Part story of a weird obsession, part look at neoliberalism and capitalism through a psychogeography lens, and part satirical image of modern Britain, this is a book that forces you to think about car parks and why so many strange things happen in them. And it can’t help but make you think about the major car parks in your life, too.

The Art of Dying by Ambrose Parry

The Art of Dying is a historical medical mystery about unexplained deaths and medical rivalries set in Edinburgh, the follow up to The Way of All Flesh by husband and wife writing team Ambrose Parry. Will Raven and Sarah Fisher are back, with Will now Dr Simpson’s assistant and Sarah trying to expand her position giving medical help to the doctor despite the limitations placed on women. Dr Simpson’s reputation is in trouble after one of his patients died in circumstances that other doctors have claimed are suspicious, but looking into this causes Raven and Sarah to uncover a lot more mysterious deaths and find some unlikely possible causes for them. At the same time, Raven continues to evade his pursuers and worry about his own nature, whilst Sarah has new troubles to worry about.

The first in the series was most interesting for its look at class and gender in the period, and the sequel certainly focuses on the latter, looking at the position of women in society and in the roles they can take. Once again, anaesthesia plays an important role in the novel, with Simpson’s focus on chloroform still present, though there is slightly less of the medical focus as in the first one (or at least it feels like there is). The mystery narrative is unravelled using a good trope that allows for a few twists, and a wide cast of characters are kept up (though it feels very much like a book in a series for not resolving a number of side plots).

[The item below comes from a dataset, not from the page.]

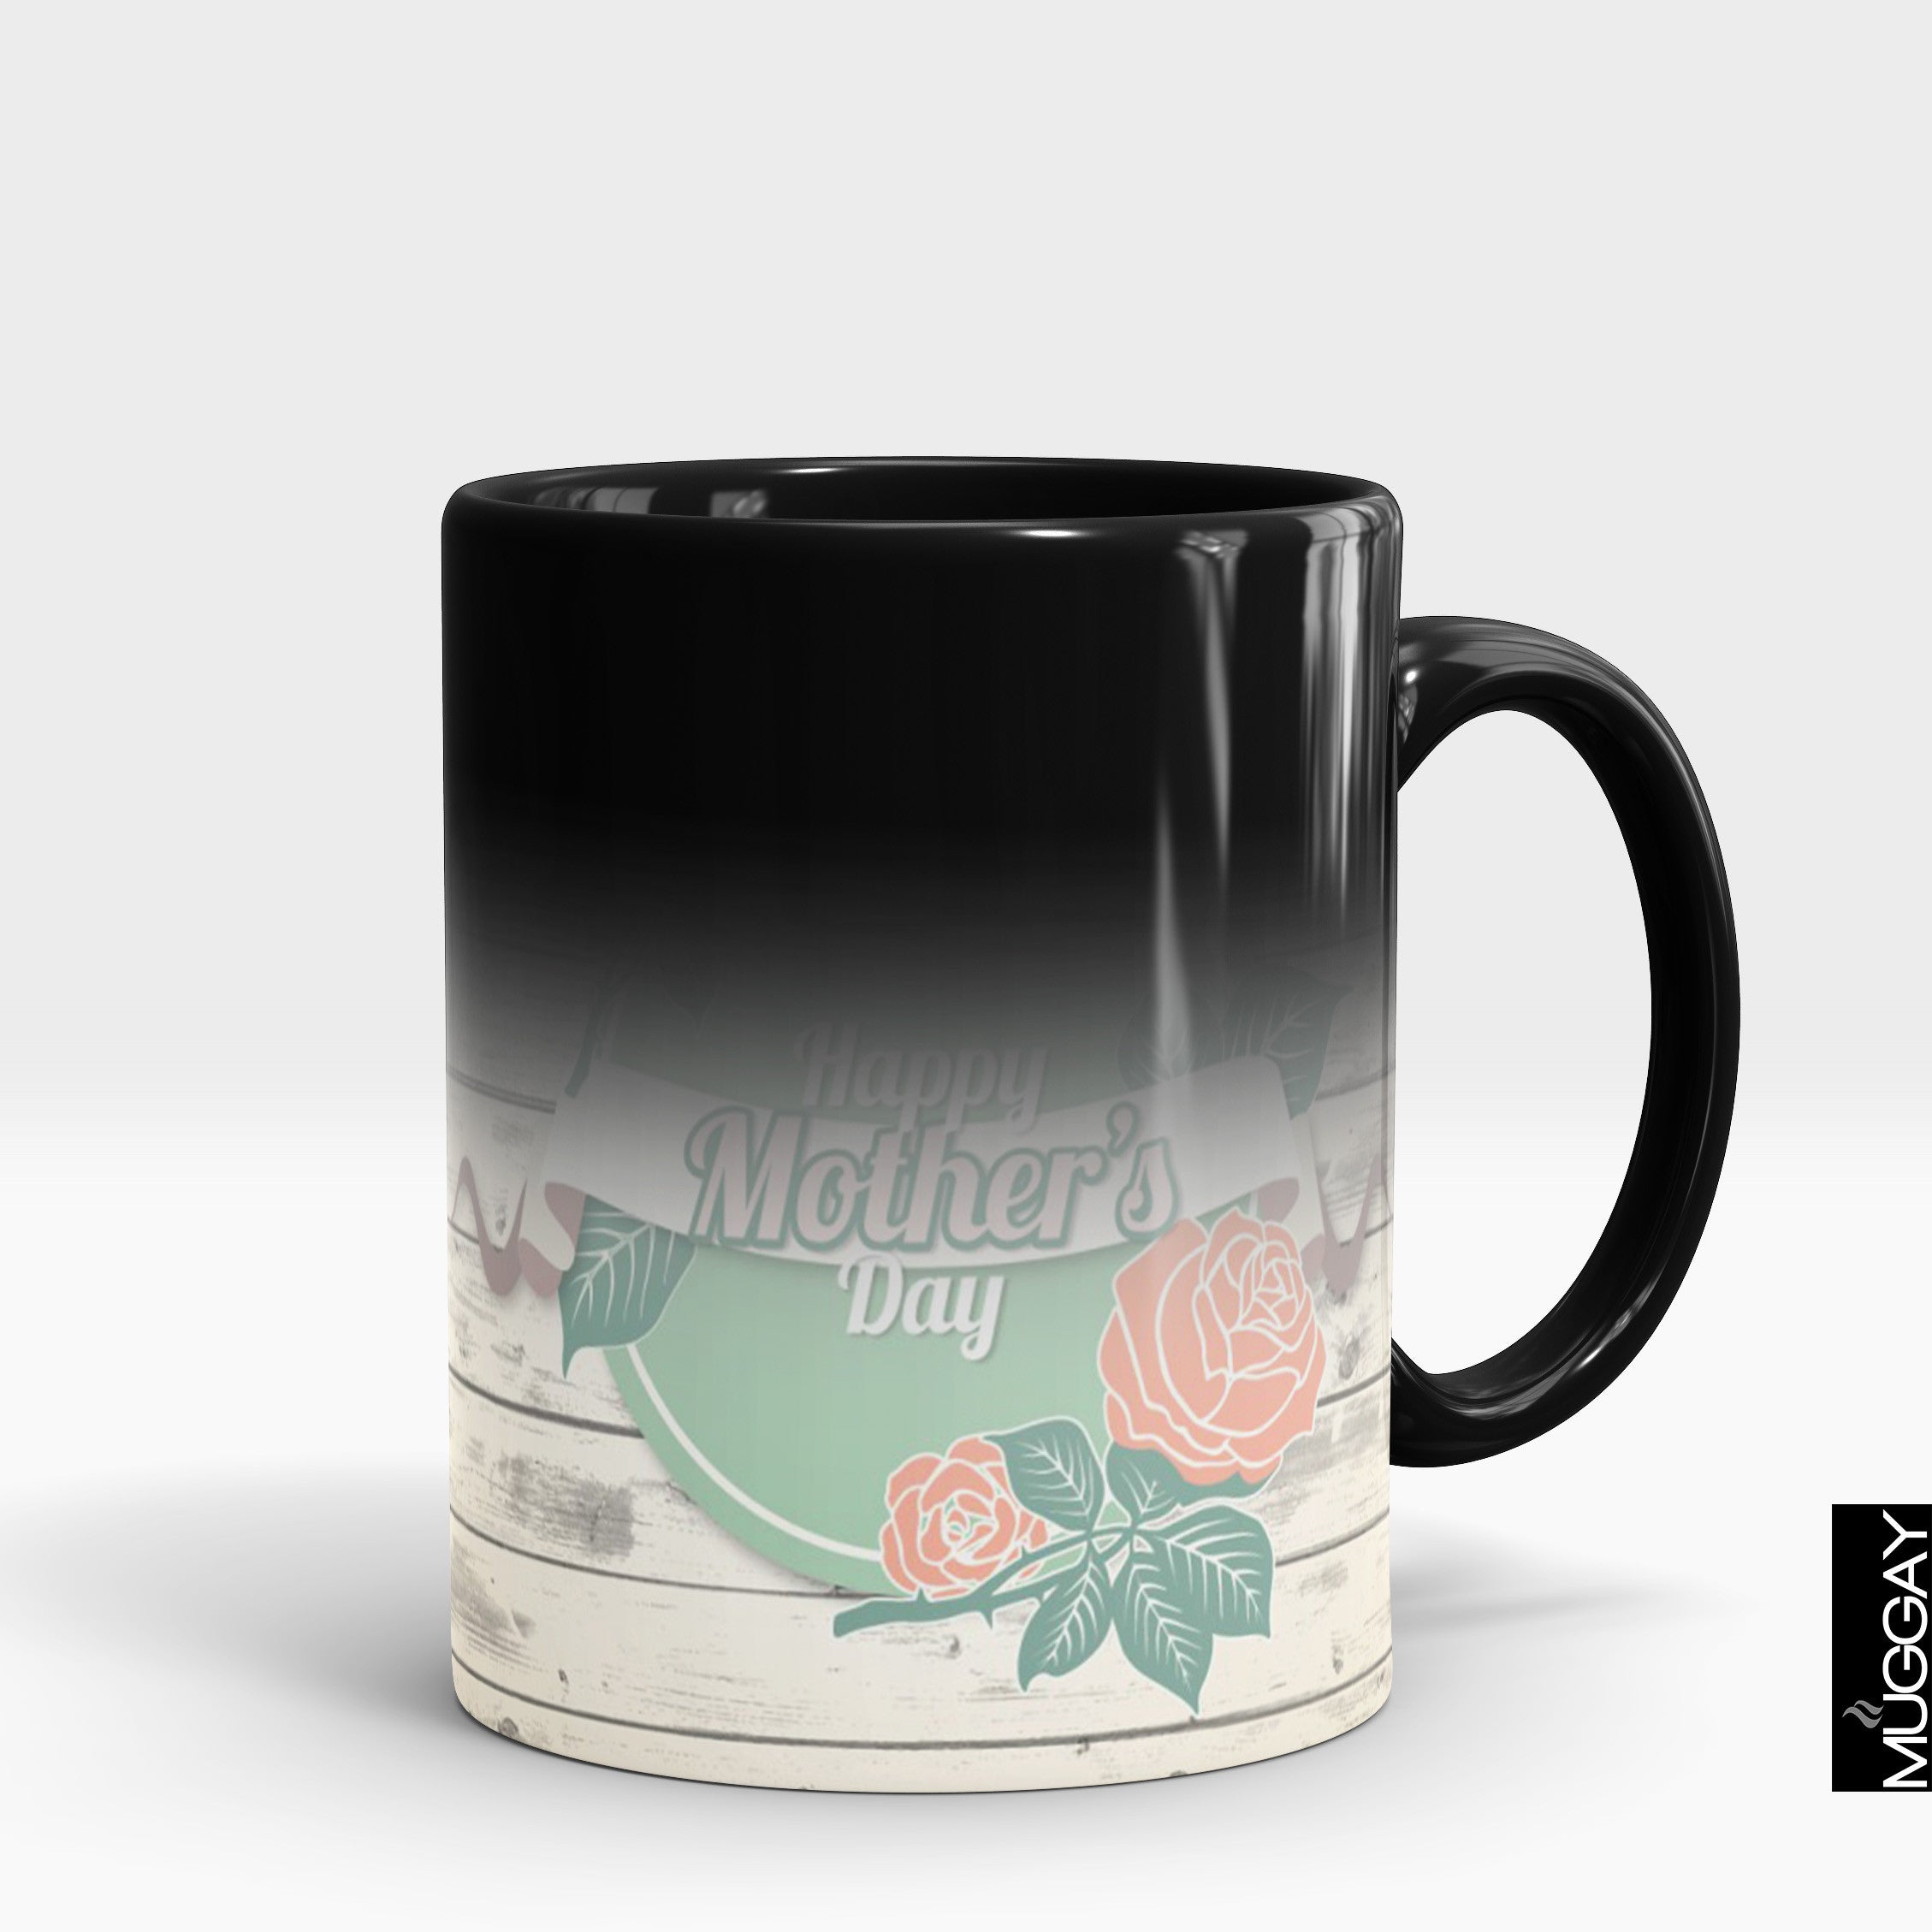 Mugs for Mothers -6

Historical mystery fans will likely enjoy this follow up, which combines a range of interesting characters with some real historical inspiration and a dark series of murders. Not one for the squeamish, but for people who like some historical research alongside the mystery.

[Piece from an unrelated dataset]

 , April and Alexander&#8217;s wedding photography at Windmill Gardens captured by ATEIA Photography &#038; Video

We Hunt The Flame by Hafsah Faizal

We Hunt The Flame is a gripping young adult novel that explores the light and dark in people and forging your own identity. Zafira is the Hunter, a mysterious figure who hunts for food in a magical forest no one else can navigate, but no one would care how she feeds her people if they knew the Hunter was female. Nasir is the Prince of Death, forced to obey his father the sultan and kill on order. Though very different, they both find themselves on a similar mission: to retrieve magic from a dangerous island; Zafira for the people and Nasir for his father. And though Nasir has been ordered to kill the Hunter, they both end up part of an unlikely gang, all untrusting but united in a common goal, and then it turns out they have a bigger enemy than any one of them.

As someone who doesn’t tend to read fantasy (but saw someone raving about this book), We Hunt The Flame was a revelation: a fantasy novel that is carefully woven to dig deep into character and motivation, and without excessive or unnecessary world-building. Moving between Zafira and Nasir’s perspectives, the narrative is fast-paced and balances surprises with emotion. Both of the protagonists are engrossing characters, with Zafira learning that people’s morals and lives aren’t black and white whilst she looks to who she is outside of the ‘Hunter’ legend, and Nasir battling with the fact that emotion and relationships with others might stretch beyond who he’s been told to kill next. The coming together of the whole crew doesn’t feel forced and works well, leaving an intriguing mix of characters for the second part of the duology.

This is a novel that is really centred around its characters and the ragtag band of fighters that they form. It also emphasises the importance of taking control of your own identity and how that might not always be an easy task in relation to the society or rules you live with. At the same time, it is a fun fantasy story with a lot of banter and characters learning to work together.